PALM HARBOR — When the bright red muscle car rumbled up, Bill Morey's eyes twinkled.
He had waited weeks for the chance to ride shotgun in such a car. The throaty sound of the 1970 Pontiac LeMans arriving outside his assisted living facility got his attention.
"Listen at that," Morey said Sunday morning with a smile.
Nearly deafened by the roar of artillery fire in World War II, and more recently laid up by a blood clot that initially paralyzed him, Morey, 87, had a wish come true Sunday, thanks to an enterprising counselor and a willing volunteer.
It was his wish to drive a muscle car himself. But when he was hoisted from his wheelchair to be a passenger in the car that met him at the Accordia Woods Assisted Living Facility, he was in his element nonetheless.
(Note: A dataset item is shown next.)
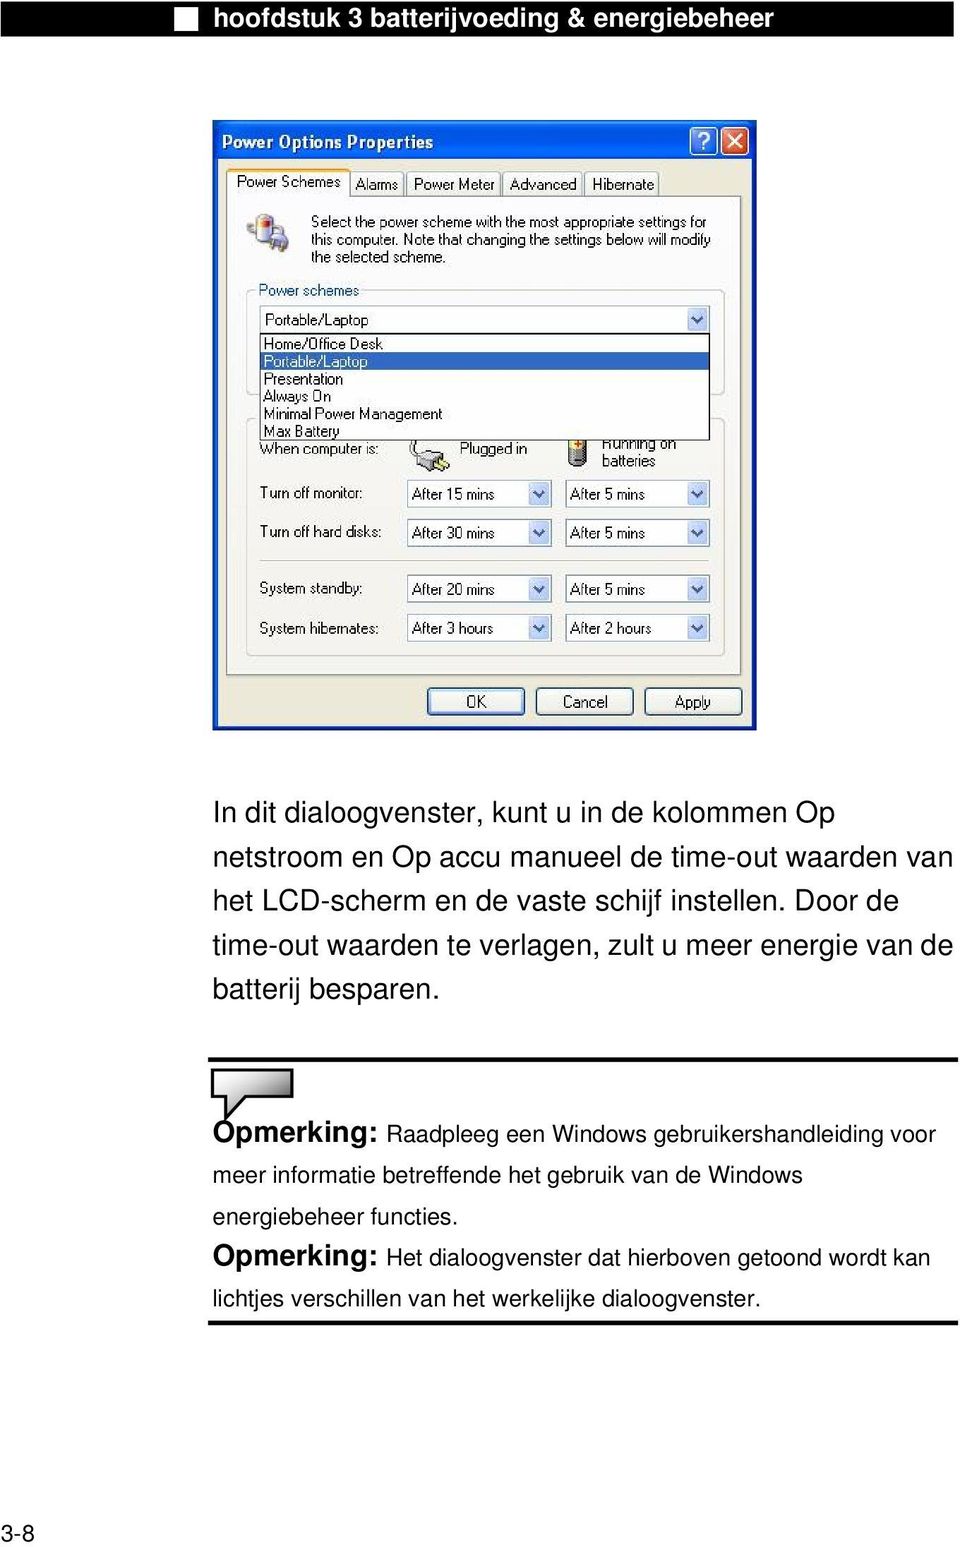 Opmerking: Raadpleeg een Windows gebruikershandleiding voor meer informatie betreffende het gebruik van de Windows

His room at the facility is nicknamed "Wild Bill's Garage." Models of classic cars line the shelves. When he's in the room, he's either watching car shows on television or looking through his car books.
Morey's fascination with cars began when he was child in Milwaukee. His first was a 1949 Ford sedan that cost $750. He had a 1955 Ford station wagon. Then a Chevrolet Corvair. And there was his 1967 bronze LeMans with a black convertible top.
"We didn't have real toys when we were kids because we were Depression-era children," Morey said before his car ride, with the book American Car Sporters Guide 1920-1980 in his lap.
"The car was the focal point of all your activities back then."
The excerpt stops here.